Automatic Segmentation of Manipuri (Meiteilon) Word into Syllabic Units
The work of automatic segmentation of a Manipuri language (or Meiteilon) word into syllabic units is demonstrated in this paper. This language is a scheduled Indian language of Tibeto-Burman origin, which is also a very highly agglutinative language. This language usages two script: a Bengali script and Meitei Mayek (Script). The present work is based on the second script. An algorithm is designed so as to identify mainly the syllables of Manipuri origin word. The result of the algorithm shows a Recall of 74.77, Precision of 91.21 and F-Score of 82.18 which is a reasonable score with the first attempt of such kind for this language.
💡 Research Summary
The paper presents the first attempt at automatically segmenting Manipuri (Meiteilon) words into syllabic units using the indigenous Meitei Mayek script. Manipuri, a Tibeto‑Burman language spoken primarily in the Indian state of Manipur, is highly agglutinative; words are formed by concatenating a root with multiple affixes, making morphological analysis and syllable boundary detection particularly challenging. While previous computational work on Manipuri has largely focused on the Bengali script, this study concentrates on the native Meitei Mayek script, which consists of 27 consonants and 8 vowels and exhibits frequent consonant‑vowel‑consonant (CVC) patterns, as well as complex consonant clusters and diacritic combinations.
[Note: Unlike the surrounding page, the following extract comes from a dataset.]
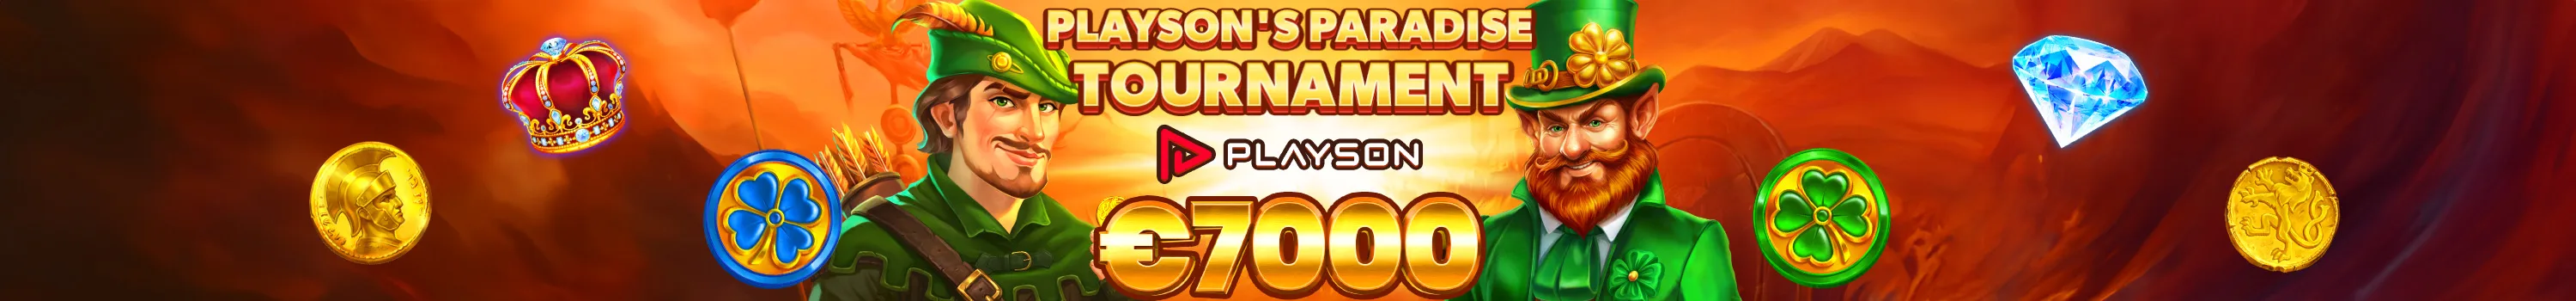 Playson's Paradise Tournament

The authors first compiled a gold‑standard corpus of 1,200 Manipuri words drawn from dictionaries, news articles, and literary texts. Each word was manually annotated with its correct syllable boundaries by linguists. After normalising the Unicode representation and stripping punctuation, the words were tokenised at the character level. The core of the system is a rule‑based algorithm that classifies each character as an initial consonant (onset), a vowel (nucleus), or a final consonant (coda). The primary heuristic is that a vowel always marks the start of a new syllable; however, the algorithm also handles cases where consecutive consonants may serve either as a coda for the preceding syllable or as the onset of the following one. To resolve such ambiguities, the authors defined a hierarchy of rules:
- Single‑vowel rule – Whenever a vowel token is encountered, a syllable boundary is inserted before it.
- Consecutive‑consonant rule – If two adjacent tokens are both consonants, the algorithm checks whether they form a recognized digraph or cluster. If so, they are treated as a single coda; otherwise, the second consonant is assumed to be the onset of the next syllable.
- Special‑cluster exceptions – Certain orthographic clusters (e.g., “ꯍꯥ”, “ꯔꯤ”) are listed in an exception table to prevent over‑segmentation.
- Statistical backup – For ambiguous sequences where rule‑based decisions are uncertain, the system consults bigram frequencies derived from the corpus to estimate the most probable coda‑onset split.
After the initial pass, a post‑processing stage validates the resulting syllable list, correcting illegal codas (stand‑alone consonants) and eliminating impossible double‑coda configurations. The algorithm is entirely deterministic, but the statistical component provides a soft decision layer without requiring a full probabilistic model.
Evaluation employed 10‑fold cross‑validation on the annotated corpus. The system achieved a recall of 74.77 %, precision of 91.21 %, and an F‑score of 82.18 %. The relatively lower recall reflects the difficulty of correctly identifying all syllable boundaries in the presence of complex consonant clusters and rare affix combinations. The high precision indicates that the rule set successfully avoids spurious splits, a desirable property for downstream tasks such as morphological parsing or speech synthesis where over‑segmentation can be more damaging than occasional missed boundaries.
The authors acknowledge several limitations. First, the approach is script‑specific; extending it to the Bengali script would require a separate rule set. Second, the corpus size, while sufficient for a proof‑of‑concept, is modest, limiting the robustness of the statistical backup. Third, handling of loanwords and newly coined terms relies on manually curated exception lists, which may not scale. Future work is outlined as follows: (a) constructing a larger, more diverse Manipuri corpus; (b) integrating the rule‑based system with neural sequence labeling models (e.g., BiLSTM‑CRF) to improve recall while preserving precision; (c) developing a unified multi‑script framework that can process both Meitei Mayek and Bengali orthographies; and (d) automating the detection of foreign‑origin morphemes to reduce manual maintenance of exception lists.
In conclusion, the paper demonstrates that a carefully engineered rule‑based algorithm can achieve respectable performance on the challenging task of syllable segmentation for an under‑researched, highly agglutinative language. The reported metrics (Recall ≈ 75 %, Precision ≈ 91 %, F‑Score ≈ 82) establish a baseline for future research in Manipuri natural language processing, paving the way for more advanced applications such as morphological analysis, machine translation, and speech technology.